Under the Interim Rule, all qualifying partnership interests can be aggregated and treated as a single trade or business. This includes lower-tier partnerships.
A partnership interest is a “qualifying partnership interest” under either the de minimis test or the control test.
Under the de minimis test, a partnership interest is a qualifying partnership interest if the exempt organization holds no more than 2% of the profits interest and 2% of the capital interest.
EOs can rely on the average interest in the partnership shown on Schedule K-1 (Part II, Line J) to determine the percentage for these purposes.
Under the control test, a partnership interest is a qualifying partnership interest if the exempt organization holds no more than 20% of the capital interest and does not have control or influence over the partnership. Understanding the precise meaning of control or influence is a key question, for example, when partners serve on advisory boards related to investment funds.
While fund investments should generally meet one of these tests, a potential problem is presented by co-investments. Organizations may need to tweak the way they approach co-investments in connection with investment partnerships to address this concern.

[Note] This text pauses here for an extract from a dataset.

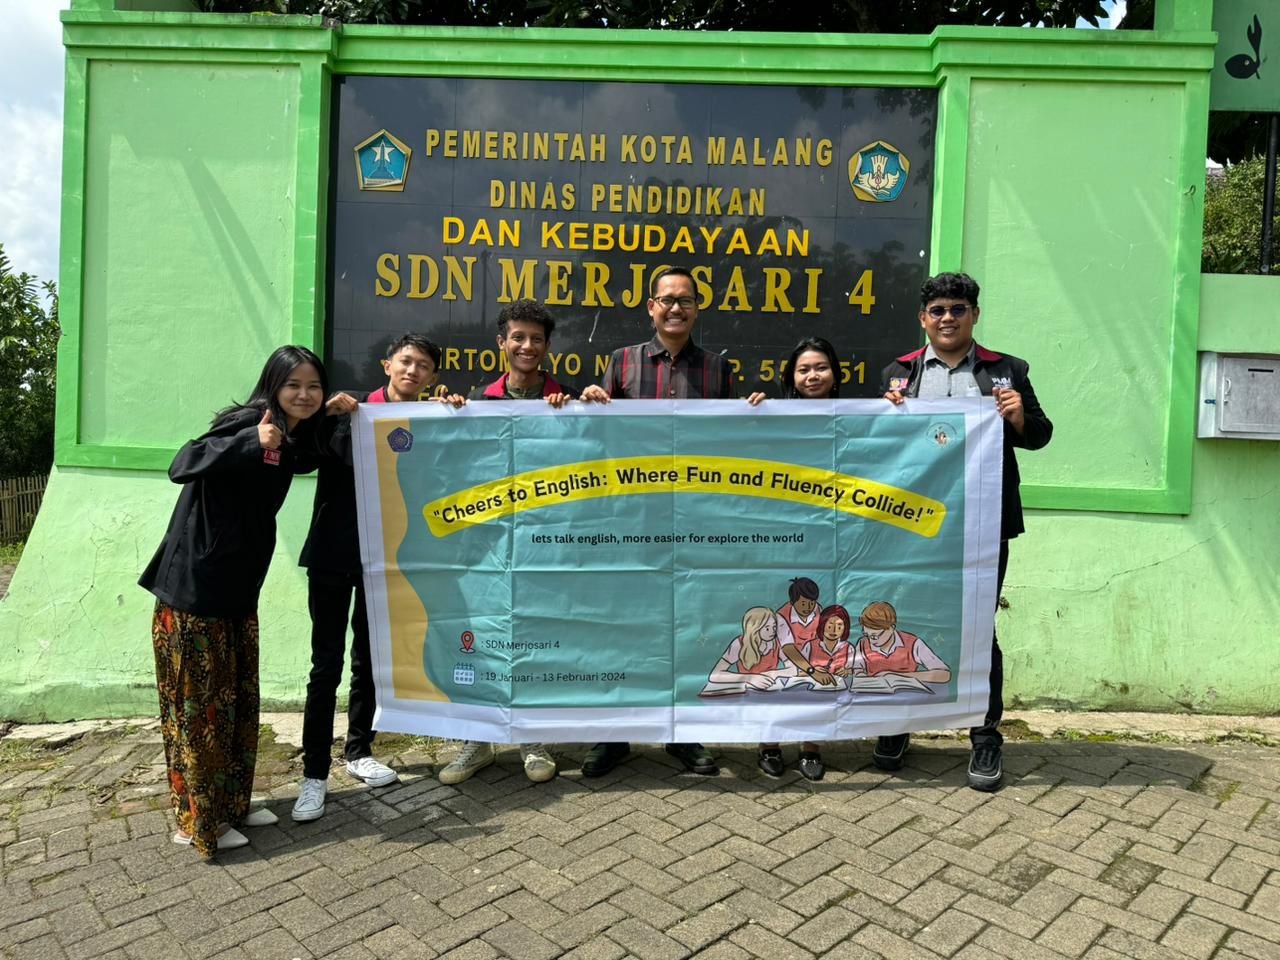 Membangun Minat Belajar Bahasa Inggris Murid SDN Merjosari 4 Kota Malang Melalui Pengabdian Mahasiswa Universitas Muhammadiyah Malang Kepada Masyarakat.

For both the de minimis and control tests, the exempt organization’s partnership interests are aggregated with any supporting organization, disqualified person, or controlled entity. The inclusion of supporting organizations is particularly interesting. This appears to have been designed contemplating a single supporting organization for the exempt organization. However, its application may generate unintended results where there are multiple supported charities, or the supporting charities are described by class.

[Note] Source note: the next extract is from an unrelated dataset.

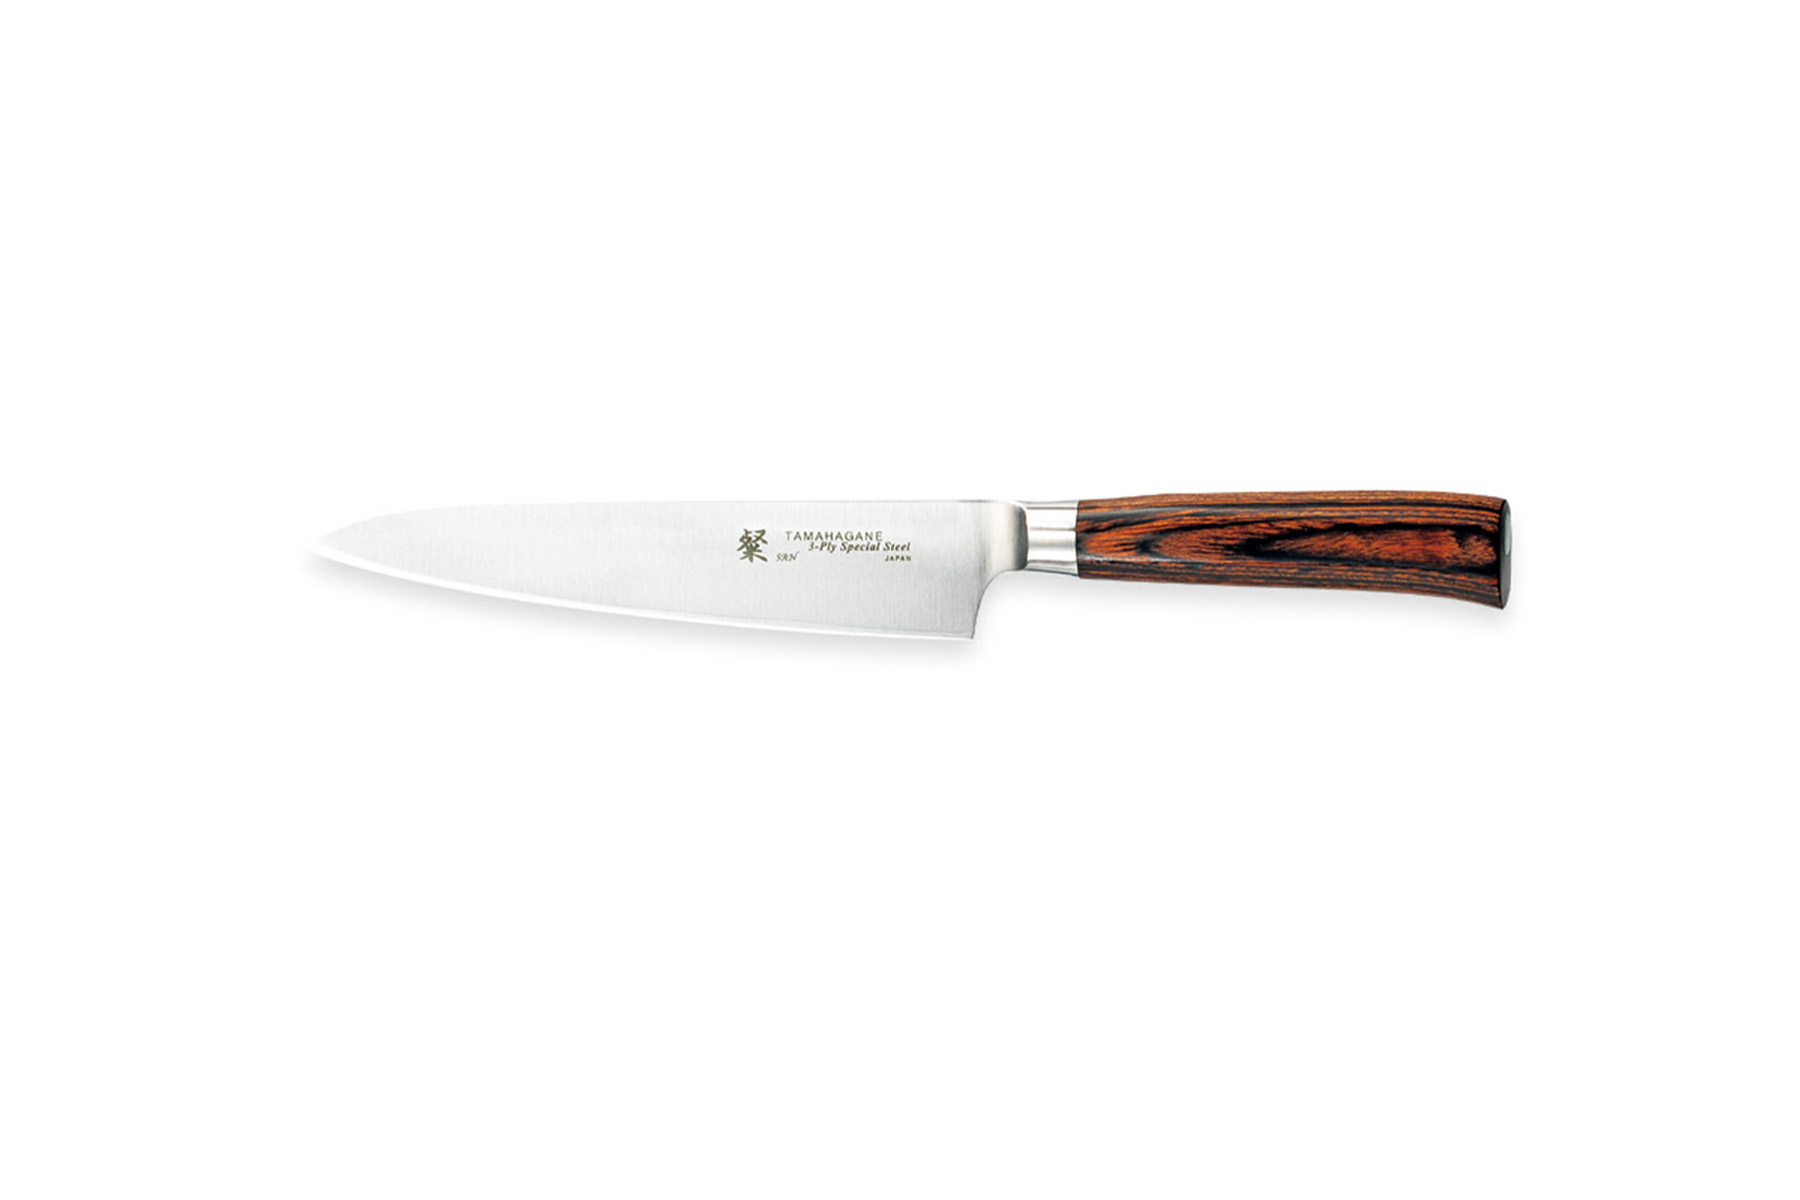 Couteau japonais Tamahagane San - Couteau petty 15 cm

Separate from the Interim Rule, the guidance provides for a Transition Rule. Under this Rule, until publication of further guidance, exempt organizations can treat a single partnership interest acquired before August 21, 2018 as a single trade or business whether or not the partnership (or any lower-tier partnership) directly or indirectly conducts multiple trades or businesses.
However, unlike the Interim Rule, multiple partnership interests qualifying under the Transition Rule cannot be aggregated to treat the aggregate group of partnership interests as a single trade or business.

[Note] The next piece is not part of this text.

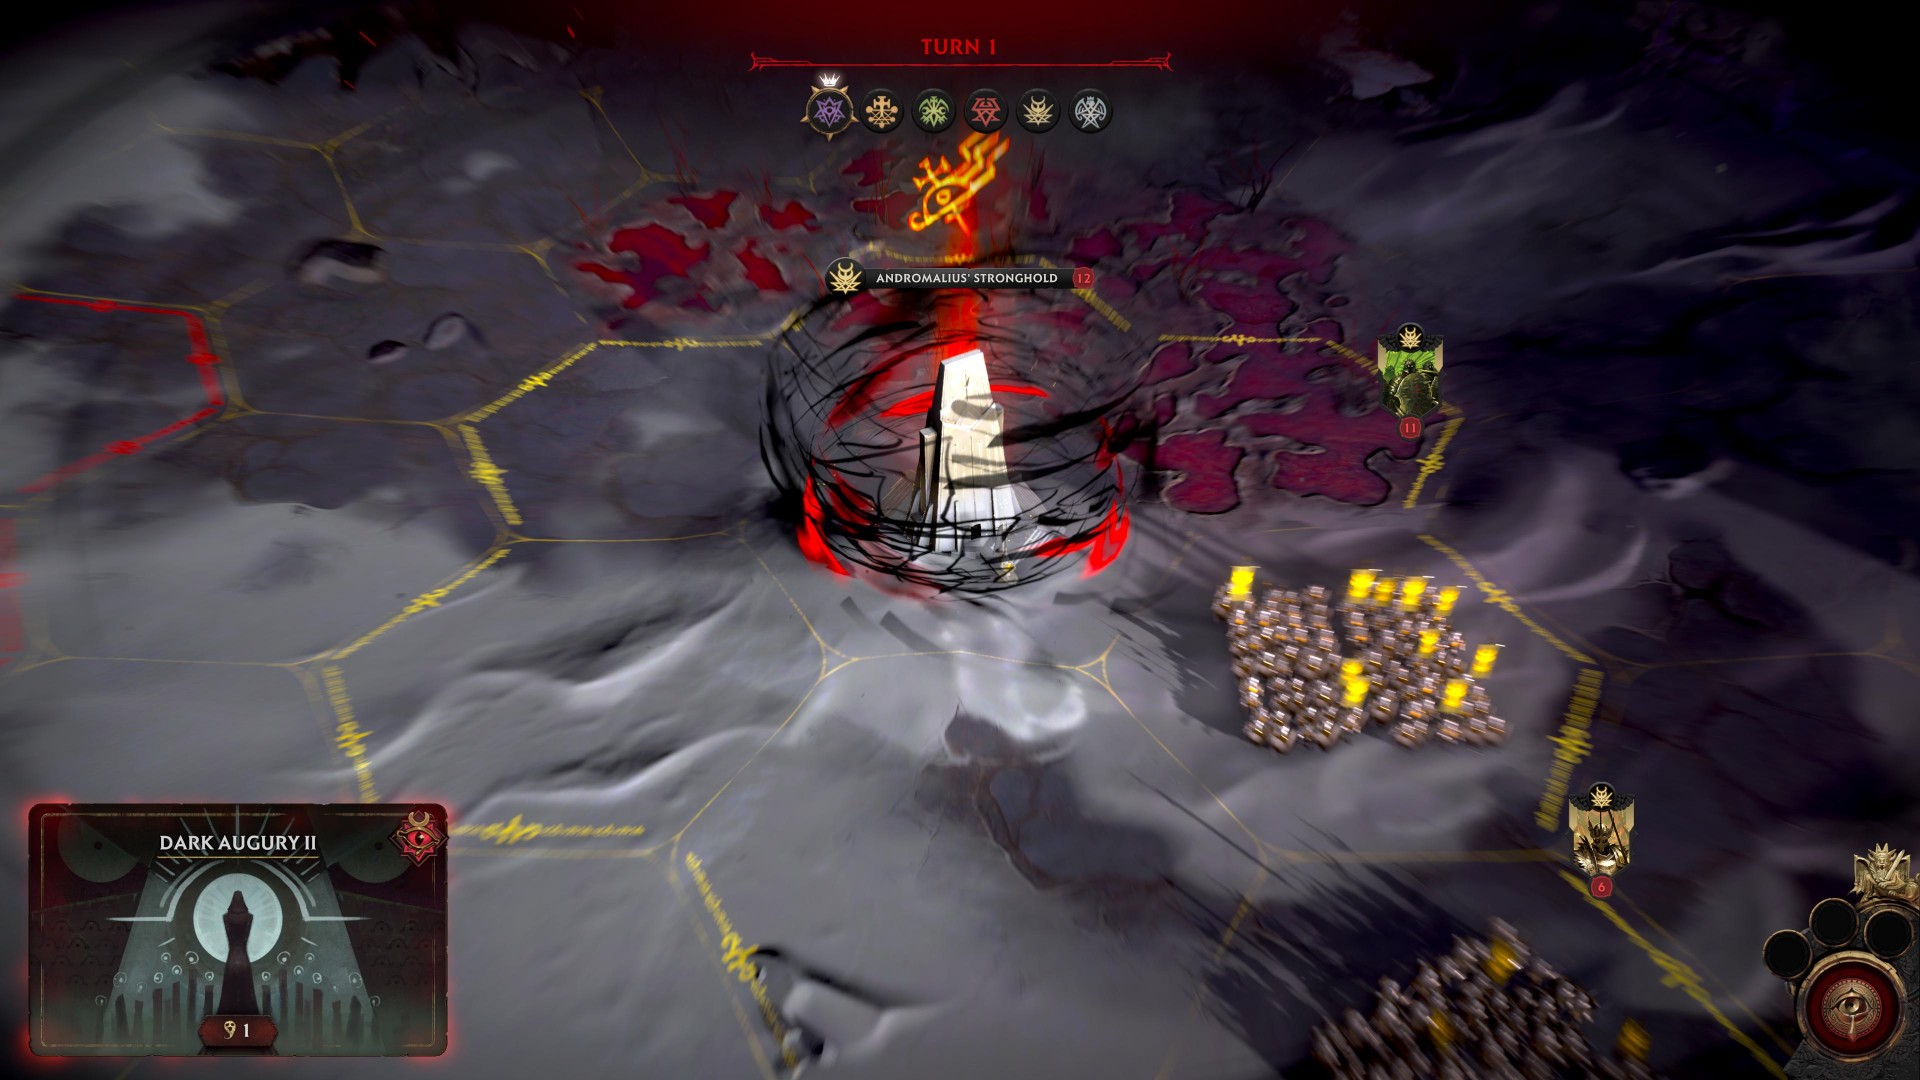 Solium Infernum Steam juego de estrategia multijugador: un campo de batalla infernal en el juego de estrategia Solium Infernum

In addition to the above, the notice addressed a number of other knotty problems relating to UBIT siloing that have vexed practitioners. With respect to partnerships, it stated that debt-financed income is aggregated with other partnership income. Guidance is not provided on debt-financed income outside of the partnership context; however, the IRS explores this issue in the notice and requests comments.
In addition, the notice clarifies that transportation and parking fringes are not subject to the siloing rule. Finally, the notice confirms that NOLs in years before January 1, 2018 may be used without siloing.
One strategy that exempt organizations may wish to consider in light of the new rules is formation of a taxable subsidiary to conduct unrelated businesses. For a taxable organization, unlimited offset across lines of business is permitted. However, there are a number of disadvantages to this approach. For example, liquidation can give rise to a deemed income event, 100% of debt-financed income is subject to tax and prior carryforwards cannot be used for the contributed business. In addition, use of a for-profit subsidiary may not present the desired optics for institutions that like to conduct business in their own name. I advise delaying action until final guidance is issued.